The major pretended to ignore him and continued, “Of course, we can’t create an inter-universal space-warp just for the convenience of a handful of uncooperative civilians, but I suppose we can arrange grants of citizenship and provide the necessary papers to keep you out of jail. For brave volunteers, once the crisis is past and Shadow defeated, no reasonable reward would be refused, and opening a space-warp would be considered; but for civilians who’ve turned down a chance to serve the Empire? Not likely.”

The four Earthpeople stared at him—or at any rate, three of them did.

Ted Deranian shrugged and said, “I’ll go with Raven if you like; it’s all the same to me. Might make a better story that way, if I don’t wake up before I get that far.”

Amy let out a low moan of disgust at Ted’s insistence on his delusion. Pel glanced at her, but said nothing; he understood her reaction.

Ever since the party had stepped through the magical portal from Earth to Shadow’s world, Ted had been convinced the entire thing was a dream. Beatings, torture, wounds, and the passage of days and even weeks had failed to dislodge this conviction. Almost two months had now passed since the May evening when they had passed through Pel’s basement wall, but Ted persisted.

The man’s exact mood varied; sometimes he seemed to be struggling to maintain his belief, sometimes he sank into near-catatonia. Right now he was treating it all as a joke that had gone on a little too long, a story that was slow in reaching the point.

It got on everyone’s nerves, and Pel and Amy both feared that Ted had slipped irretrievably into insanity weeks ago. Pel suspected the head wound he had acquired resisting the pirates aboard Emerald Princess, or the beatings he had received on Zeta Leo III, might have caused brain damage, as well.

“What about the rest of you, then?” Major Southern asked, smiling.

“You’re a sadistic bastard, you know that?” Pel answered calmly.

“Now, now, Mr. Brown,” the major said, feigning shock. “That’s no way to talk!”

No one replied. He looked them over, then stepped out from behind the lectern.

“I’ve said my piece,” he told them. “From here on, it’s all up to you.”
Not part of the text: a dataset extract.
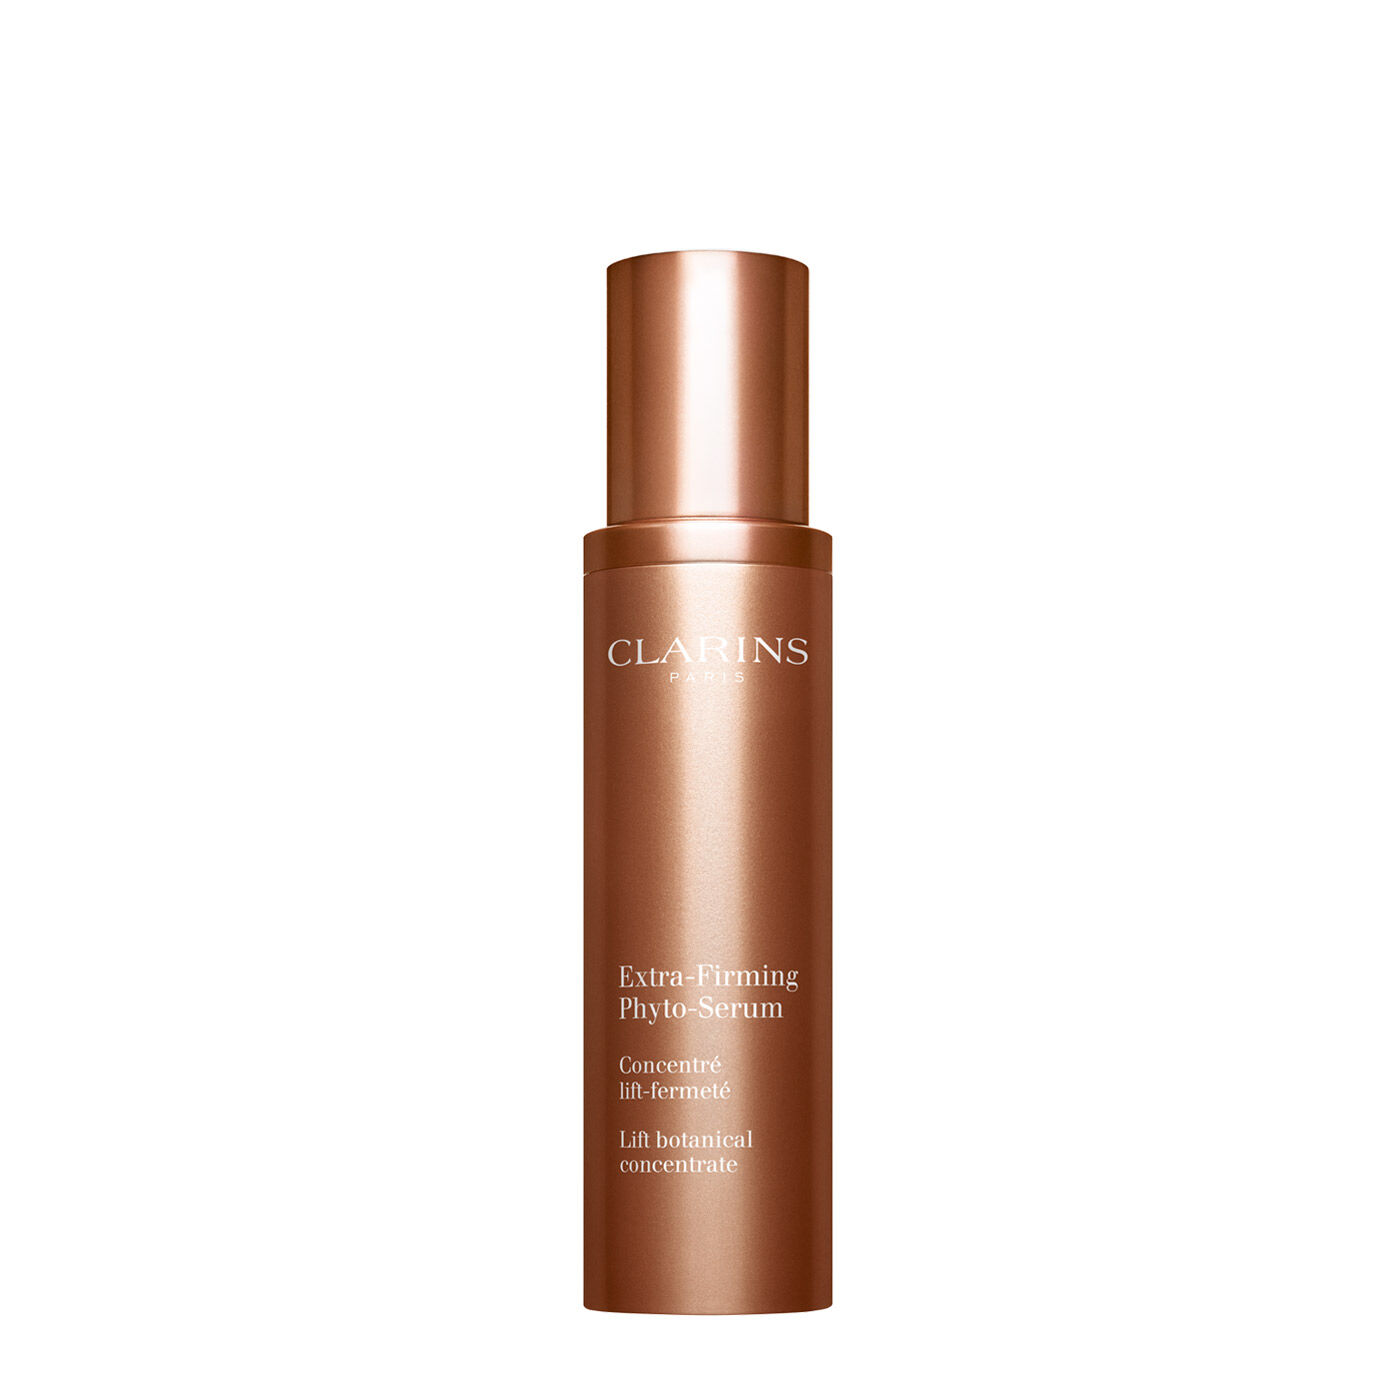 Clarins Extra-firming Phyto-serum In White

“Sure it is,” Amy said. “We get our choice of two universes—but neither one of them’s ours.”

The major smiled and patted Amy on the shoulder. “That’s right,” he said. “I’ll let you think about it.” He looked around the room, gave everyone a cheerful grin that was only slightly patronizing, and strolled out.

Amy glared after him, and muttered, “Where’d they find that stupid prick?”

Pel shrugged. “Same place as all the others, I suppose,” he said. “Wherever that is.”

Susan suddenly spoke, for the first time since entering the room.

“I’m going with Raven,” she said. “And I’d advise you both to consider joining us. I don’t have any power over you, Mr. Brown, but as your attorney, Amy, I strongly recommend you take my advice.”

The other three all turned to stare at her.

“Susan, are you…what are you talking about?” Amy demanded.

“Amy, just think it over.”

She turned and marched out.

Baffled, Pel and Amy and Ted watched her go.